In response, regulators are shifting focus: from purely emphasizing risk prevention to requiring demonstrable resilience. This shift marks a major evolution in regulatory posture—moving from checking for security controls to demanding evidence of operational continuity, even in the face of disruption.

The European Union’s Digital Operational Resilience Act (DORA) formalizes this evolution. It reframes technology risk as a business continuity issue and raises the bar for what it means to be operationally resilient in a digital economy.

For financial institutions, complying with DORA isn’t just a matter of aligning with yet another regulatory standard—it’s a strategic necessity. Doing so requires accurate, real-time data about information and communication technology (ICT) assets, dependencies, and the business functions they support.

In this white paper, we compare DORA to other financial services regulatory frameworks, discuss six foundational data requirements for DORA compliance, describe the challenges firms are facing in addressing these data requirements, and explain how to address those challenges.
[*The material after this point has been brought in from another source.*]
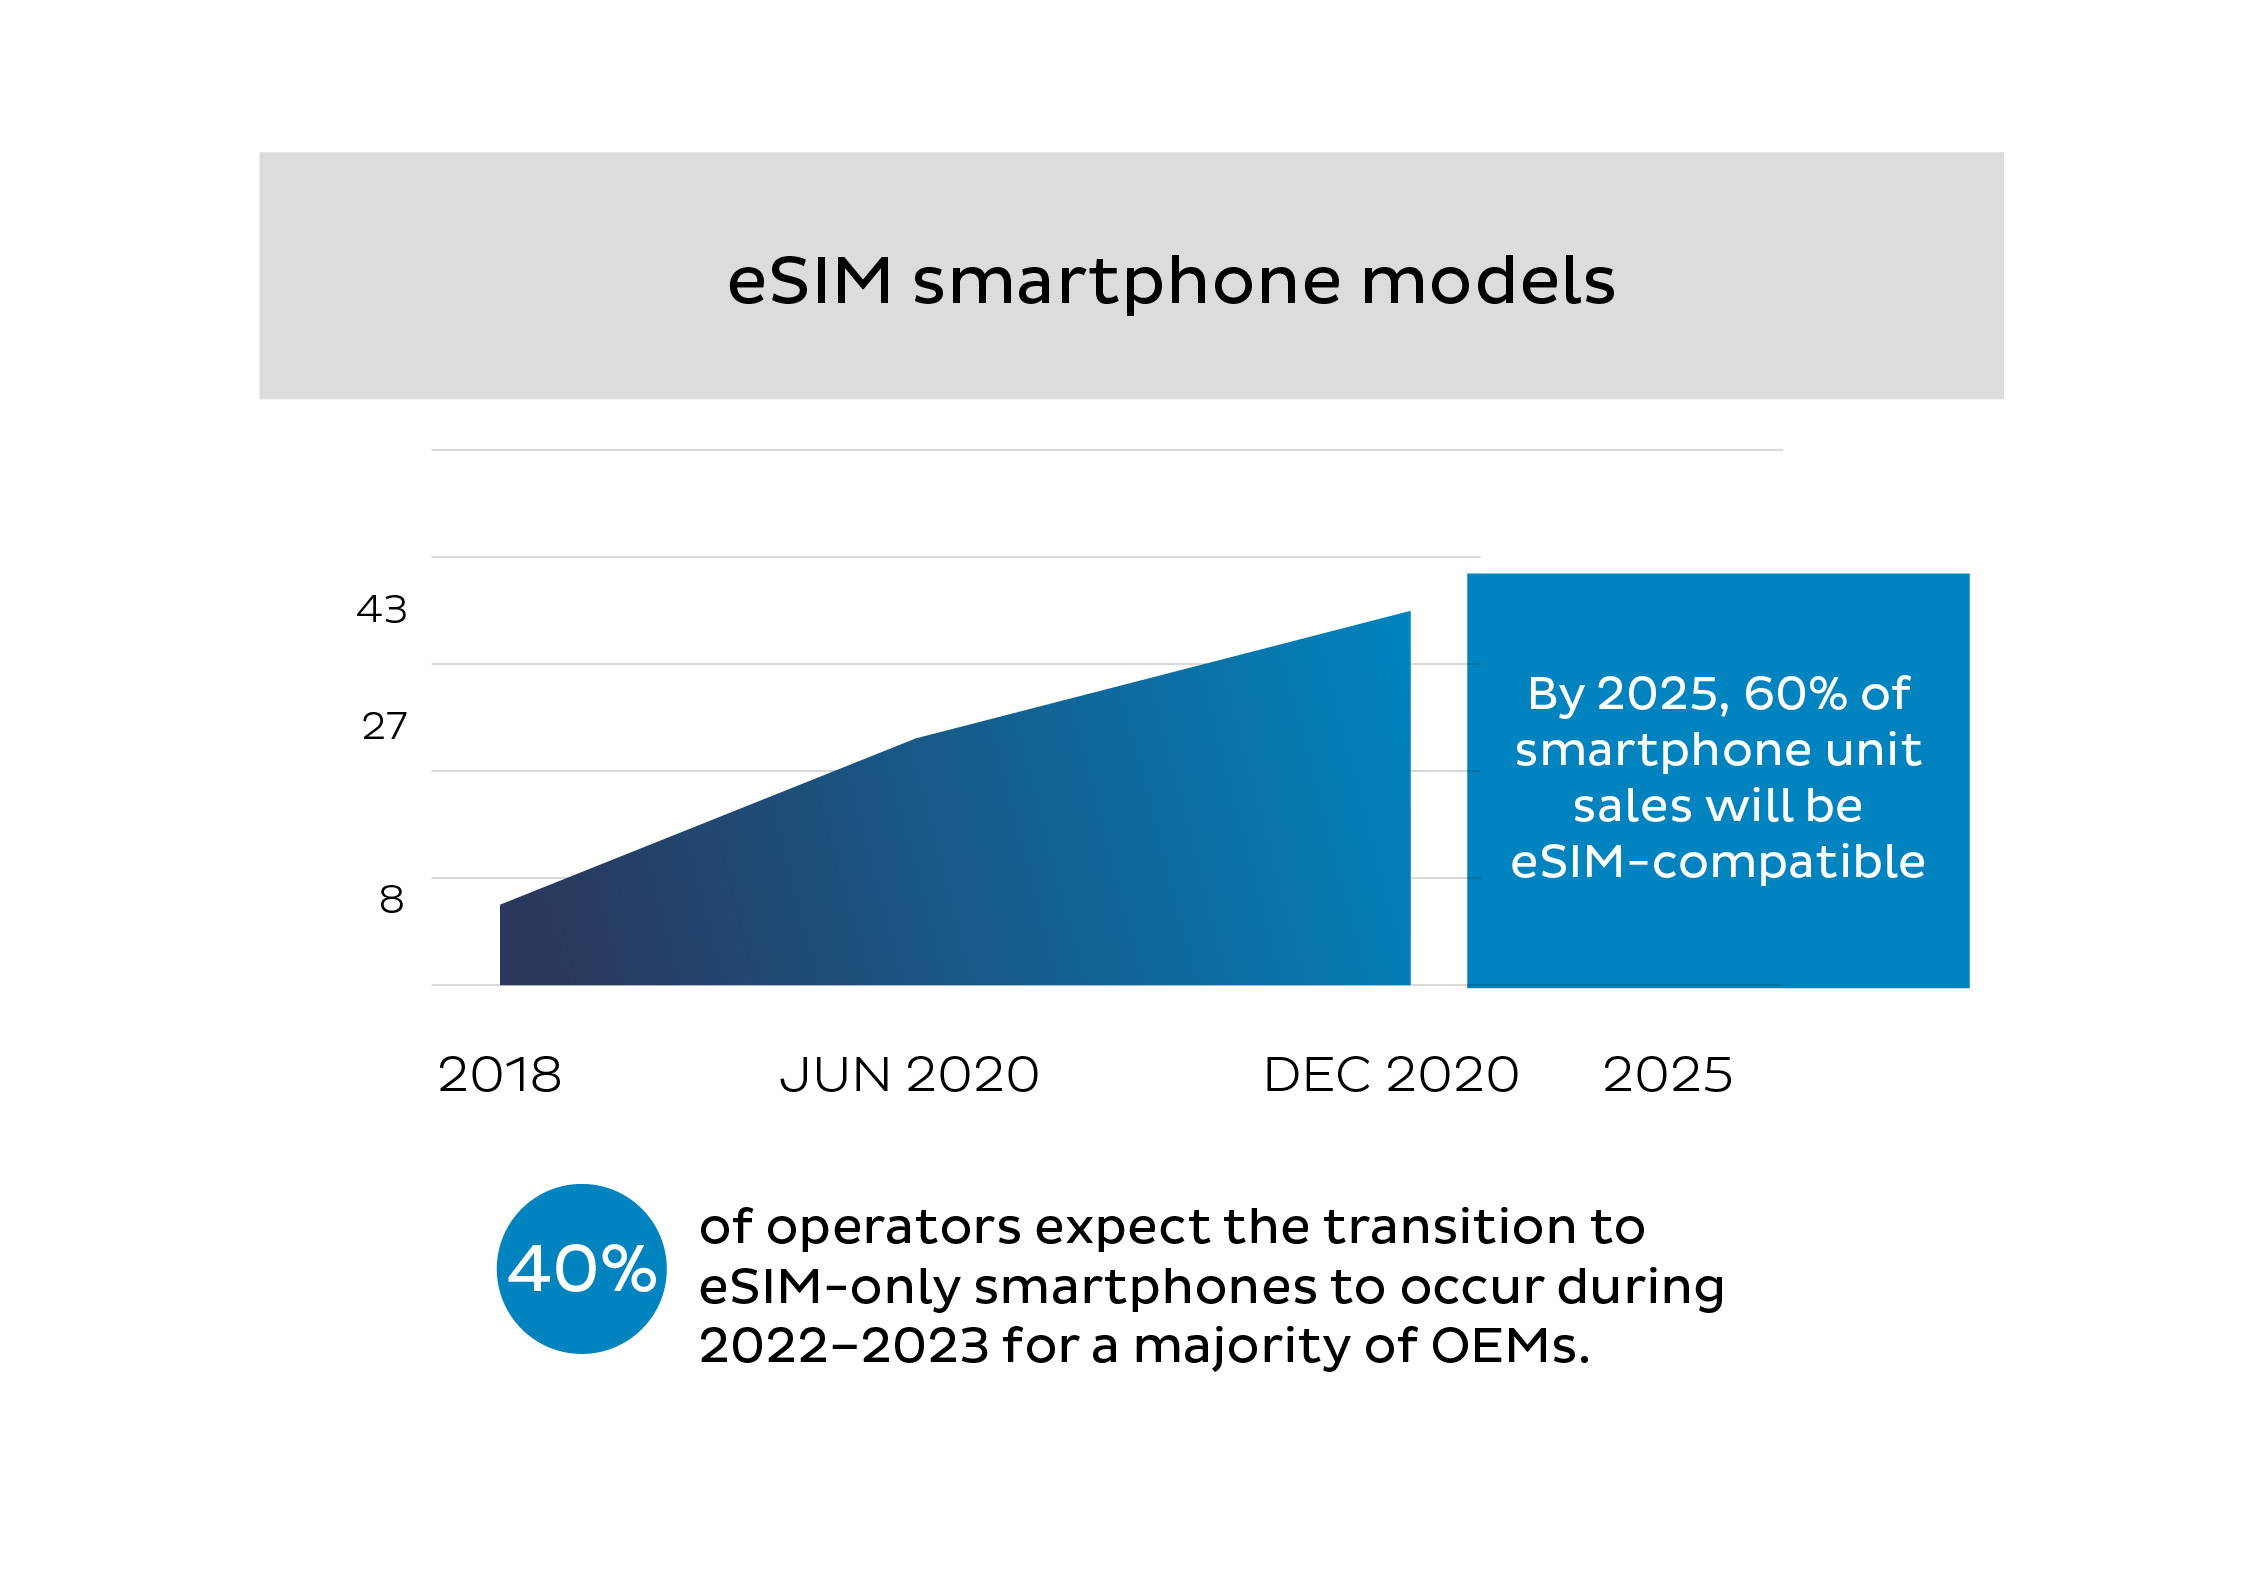 Graph titled eSIM smartphone models. The graph shows the number of eSIM-capable devices over the last years (since 2018) and predictions for the future of eSIM capable devices and their number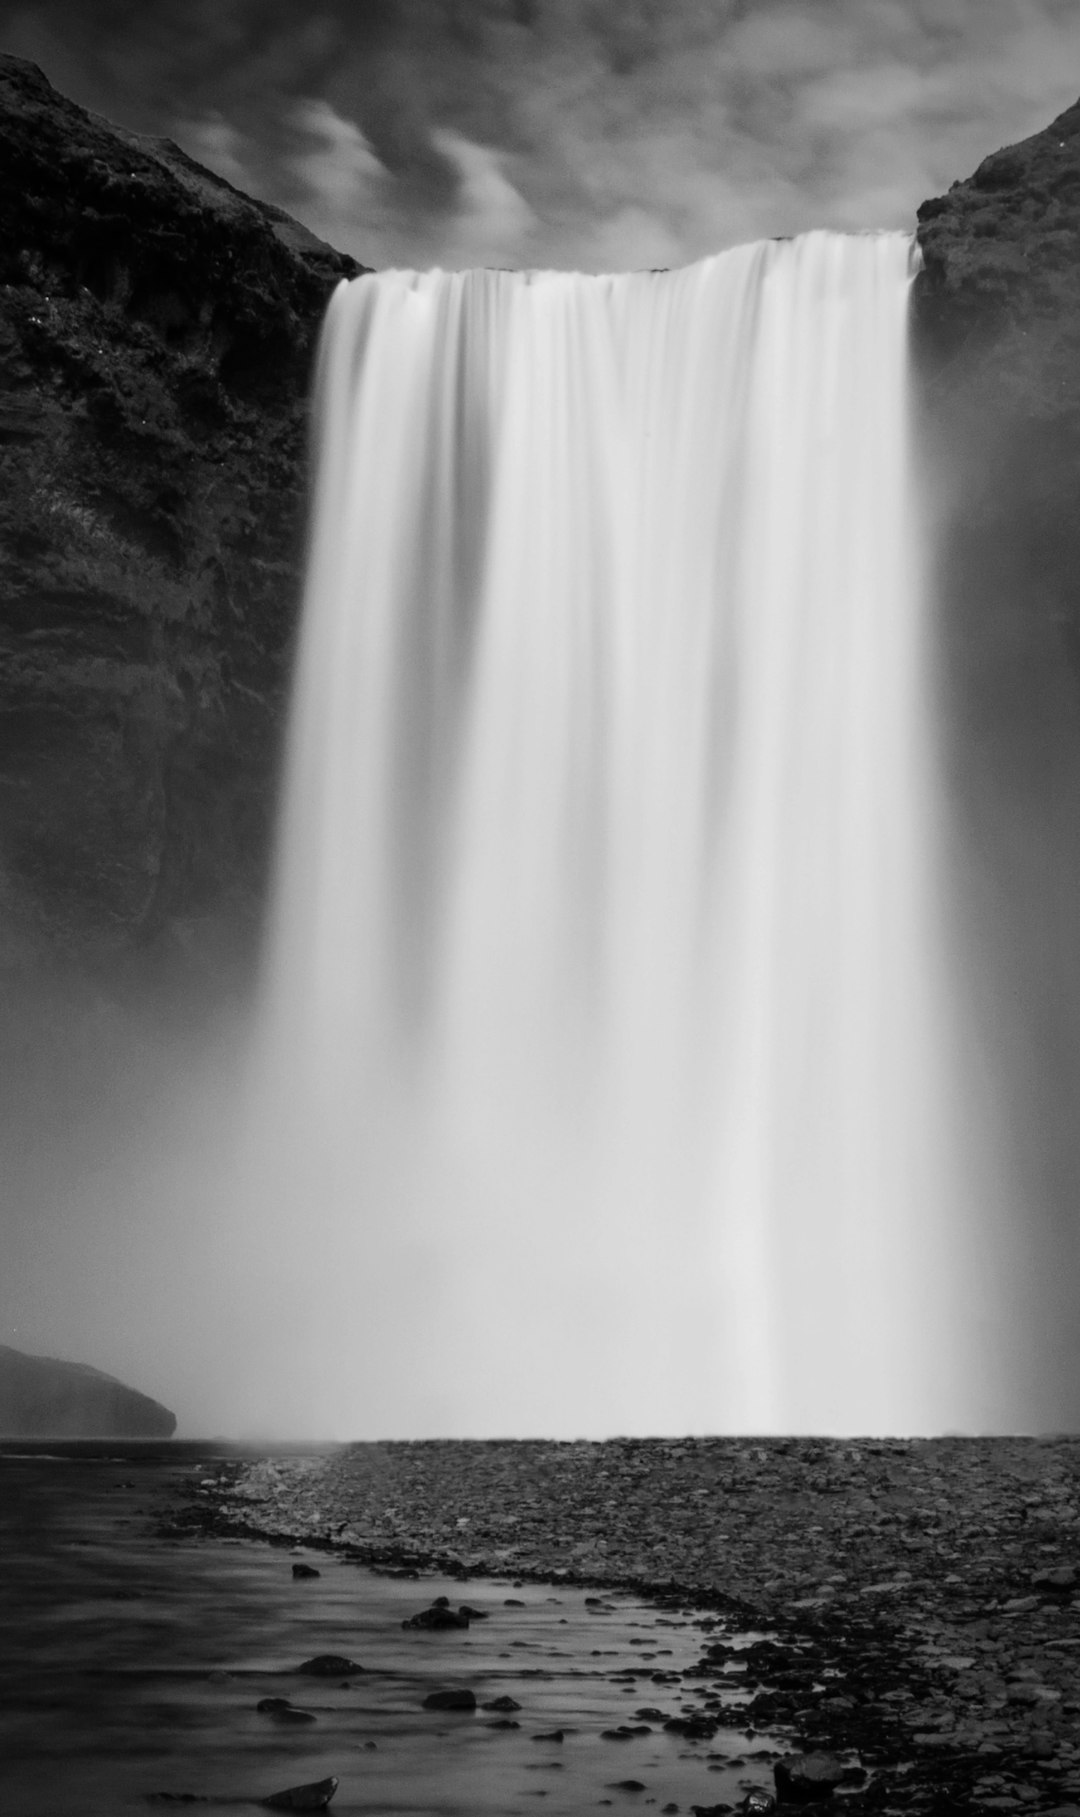 grayscale photo of waterfalls during daytime

What “Resilience” Means to Regulators

In regulatory terms, resilience doesn’t imply preventing every incident—cyber or otherwise. Rather, it reflects a financial institution’s ability to recover quickly and effectively from disruptions to maintain continuity of operations.

The European Union’s Digital Operational Resilience Act (DORA) recognizes that digital systems are integral to business continuity. Unlike broader financial regulations that include information and communication technology (ICT) risk as one component among many, DORA focuses specifically on managing these risks.

As such, digital/ICT resilience is not merely a technical concern but a core requirement for overall operational resilience in financial services. DORA mandates that institutions manage ICT risks, maintain visibility over their digital ecosystems, and ensure that recovery strategies are grounded in up-to-date data. Another term for this is “cyber resilience” – the ability of organizations to effectively prepare for and respond to any type of IT disruption.

DORA entered into force on January 16, 2023, and financial entities subject to the regulation are expected to comply with DORA requirements as of January 17, 2025.

This paper is not a complete record of all the provisions and requirements outlined in DORA. You can find the complete text of DORA on EUR-Lex here.

How DORA compares to other Financial Services regulatory frameworks

While many regulations aim to improve operational resilience and/or cybersecurity in financial services, DORA distinguishes itself through its exclusive and integrated focus on cyber resilience. Unlike broader frameworks that treat ICT risk as one of many operational threats—or that equate resilience with cybersecurity—DORA makes digital operational resilience the central objective. It does so by tightly linking technology, data, and risk management to the continuity of critical business functions.

Common Ground with Other Frameworks

DORA shares foundational principles with regulatory frameworks and standards in the U.S. (e.g., FFIEC, NYDFS Part 500, CISA CRR) and globally (e.g., UK PRA/FCA, MAS, APRA CPS), including:

  • Governance structures that hold senior leadership accountable for ICT risks

  • Requirements for incident detection, escalation, and reporting

  • Vendor risk management and oversight

  • Business continuity and disaster recovery planning

  • Use of globally recognized standards like NIST and ISO

These similarities make DORA familiar in many respects—especially for organizations already regulated under multiple jurisdictions.

The DORA Distinction

Where DORA departs from other frameworks is in its depth and specificity around how ICT is defined, managed, and governed. Key differences include:

ICT Resilience vs. General Operational Resilience

DORA places ICT at the center of operational risk, with a requirement to continuously ensure that all technology systems and dependencies are capable of withstanding, responding to, and recovering from disruptions.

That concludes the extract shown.